**PROBLEM REQUIREMENTS:**
Return each line of the listing exactly, though without its images.

--- SOURCE MATERIAL Enclosed Below ---

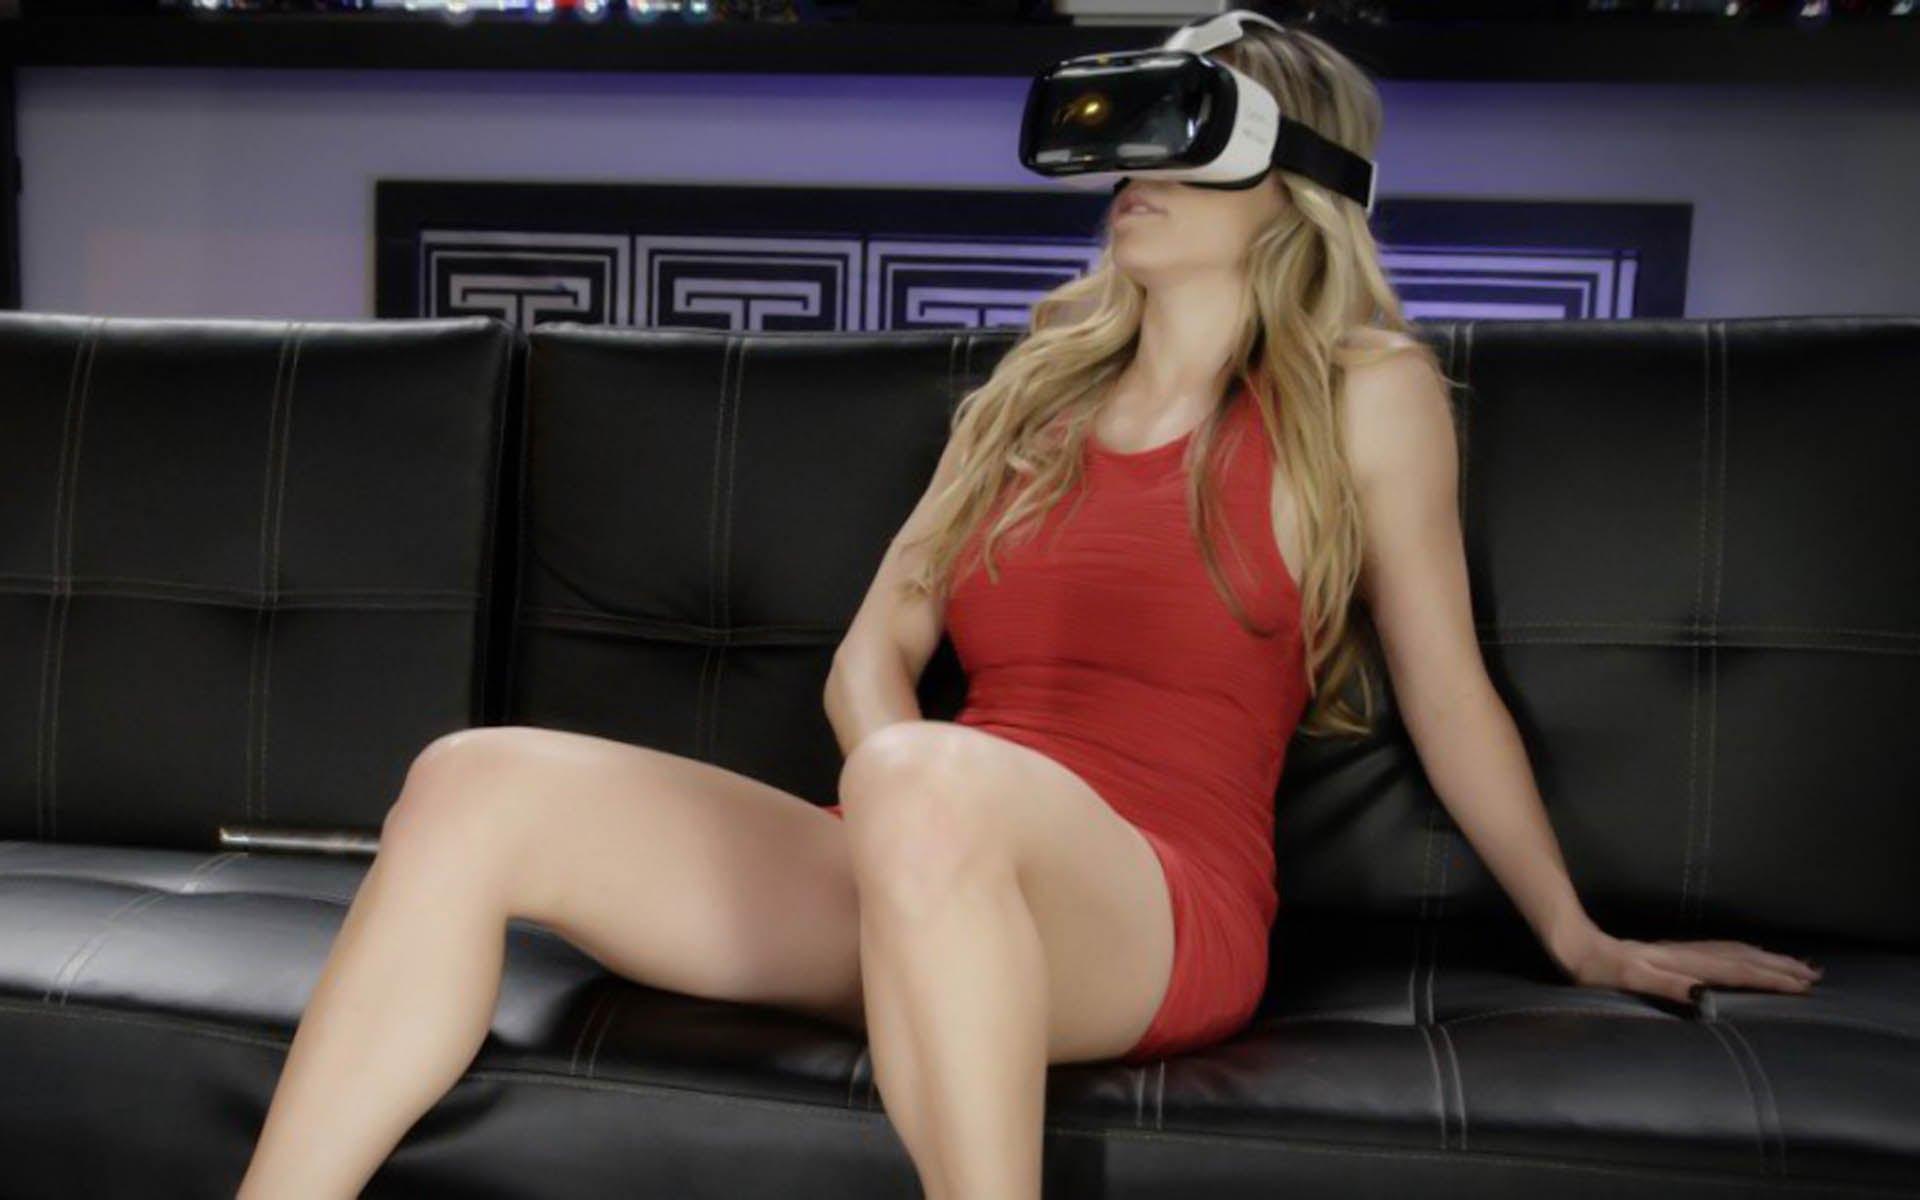 Роботы и постельные игры: каким окажется интим будущего. ФОТО
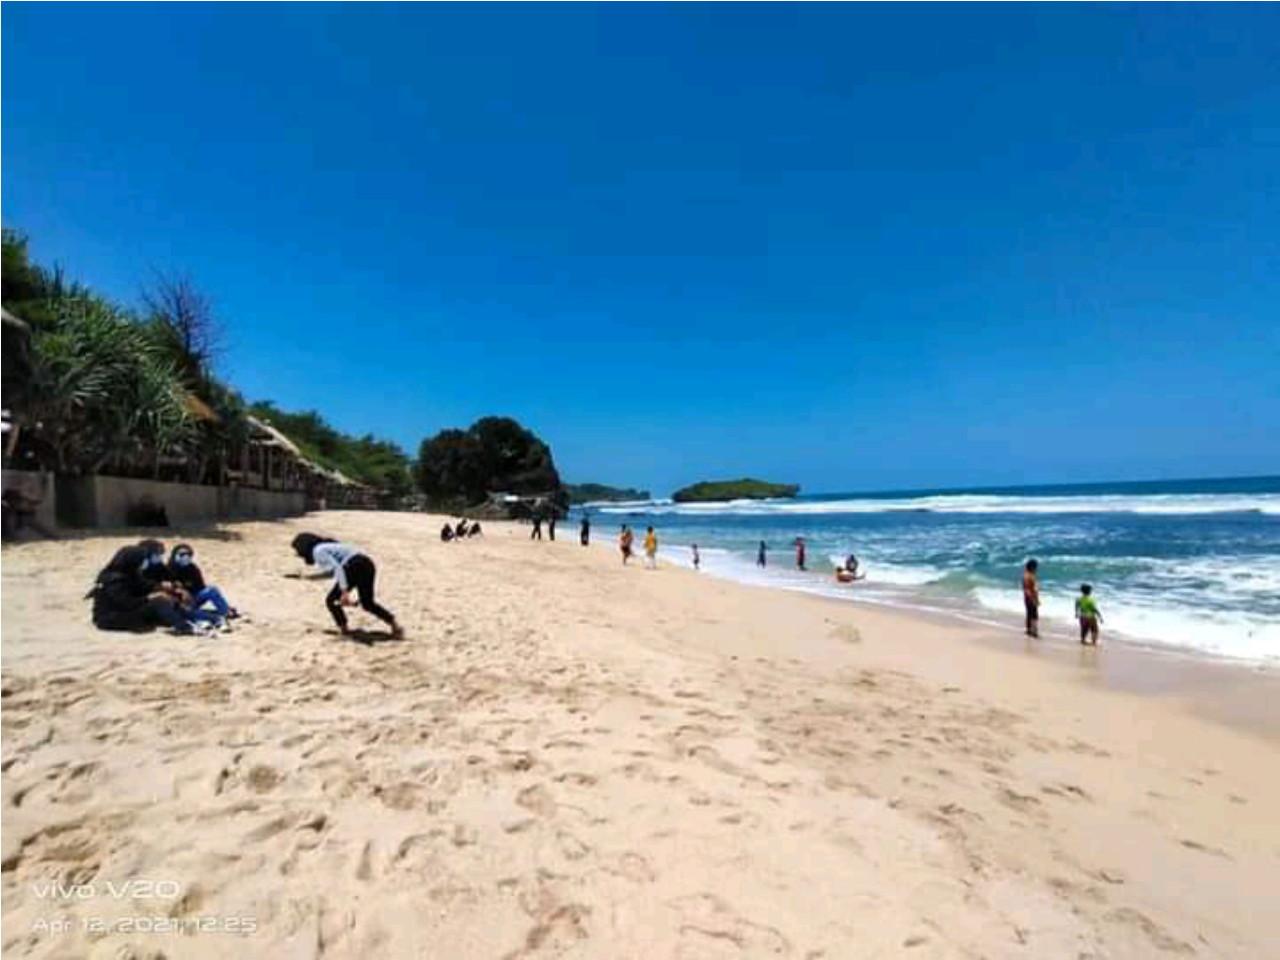 Wisata Pantai Slili Gunungkidul Terbaru
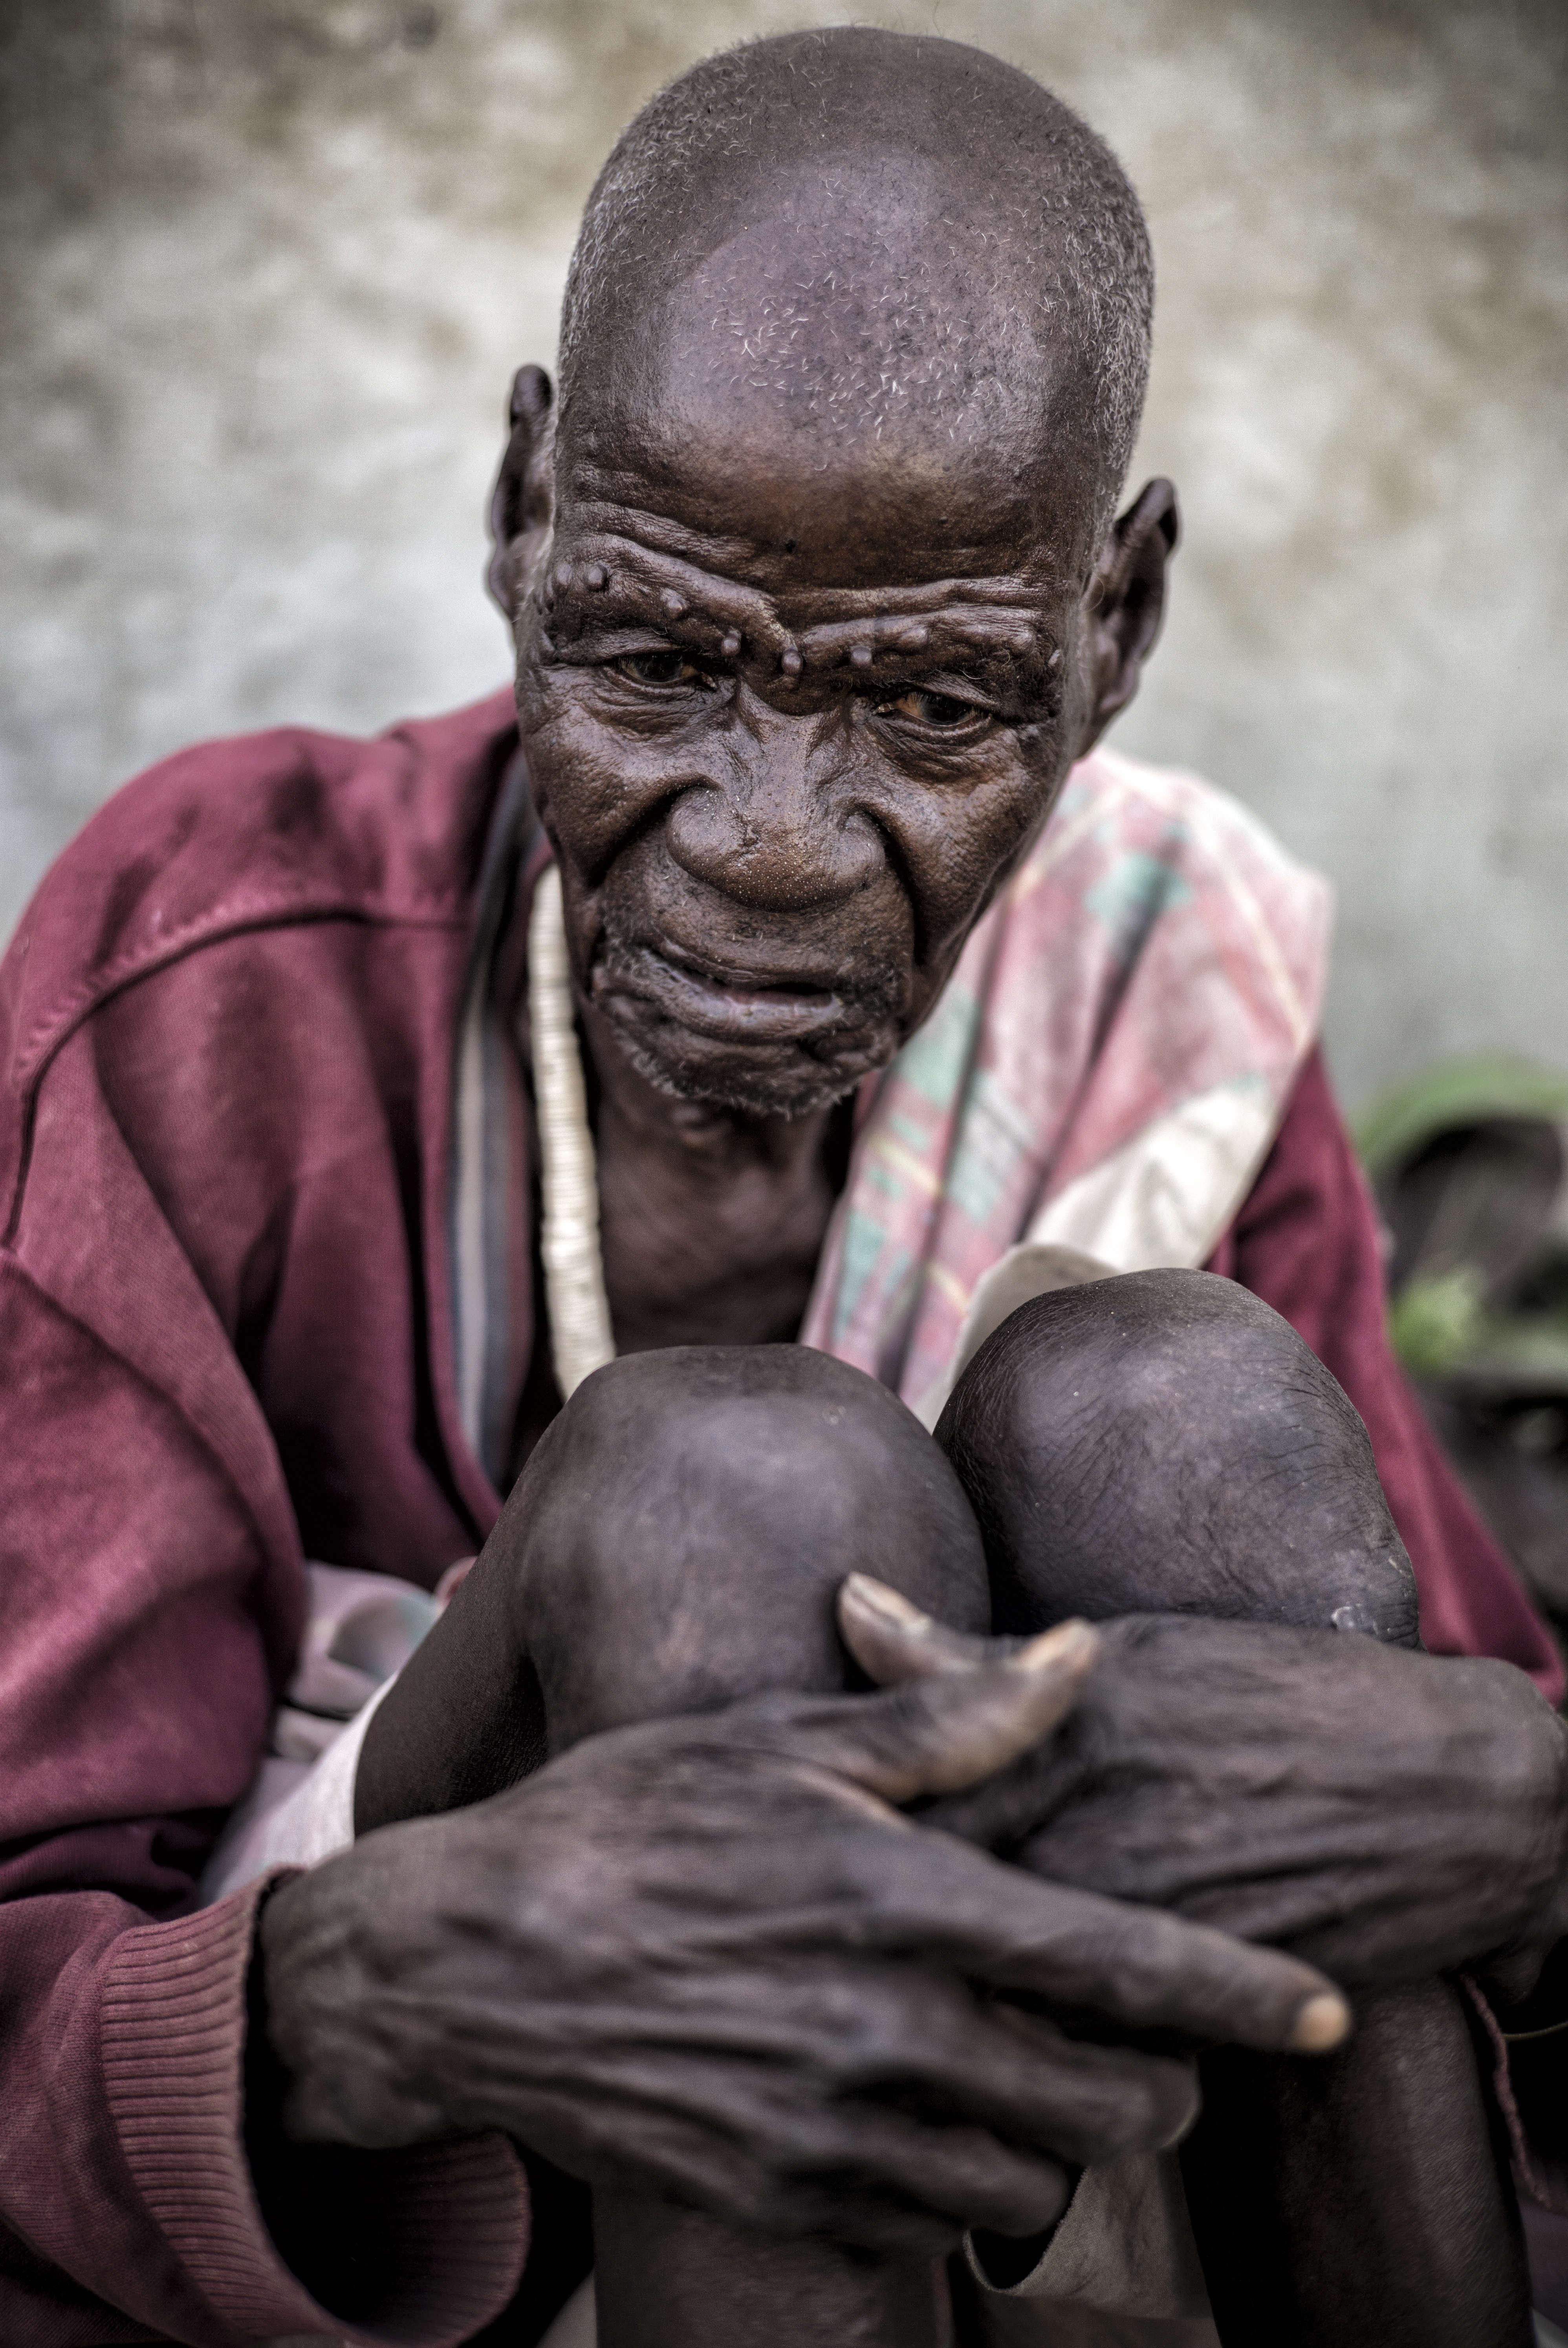 Un survivant d'Ogod, un village du nord du pays, près de Wau Shilluk, la capitale du royaume shilluk attaquée par les forces gouvernementales en février .Il a été évacué par Médecins sans frontières ( MSF) dans le camp de protection des civils de la Minuss, près de Malakal. Avant d'être pris en charge par l'organisation non gouvernementale, il a vécu durant une semaine l'occupation de son village natal, durant laquelle quatre vieillards sont morts de faim autour de lui.
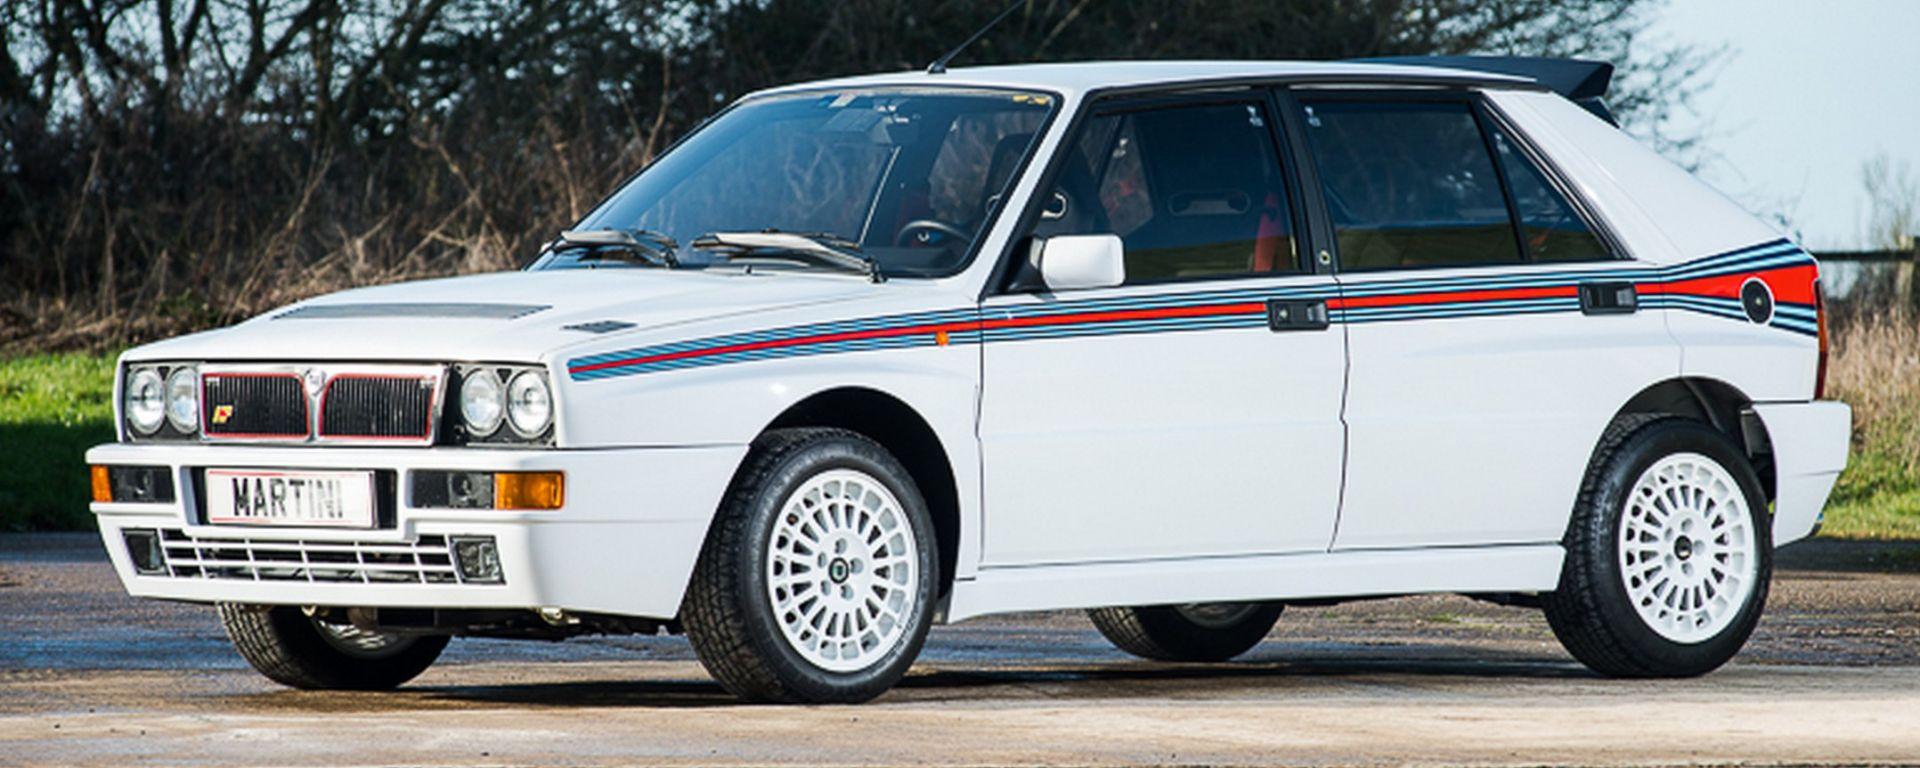 Lancia Delta Martini frontale

--- End of Enclosed SOURCE MATERIAL ---

**RESPONSE TO THE TASK:**
 Роботы и постельные игры: каким окажется интим будущего. ФОТО
 Wisata Pantai Slili Gunungkidul Terbaru
 Un survivant d'Ogod, un village du nord du pays, près de Wau Shilluk, la capitale du royaume shilluk attaquée par les forces gouvernementales en février .Il a été évacué par Médecins sans frontières ( MSF) dans le camp de protection des civils de la Minuss, près de Malakal. Avant d'être pris en charge par l'organisation non gouvernementale, il a vécu durant une semaine l'occupation de son village natal, durant laquelle quatre vieillards sont morts de faim autour de lui.
 Lancia Delta Martini frontale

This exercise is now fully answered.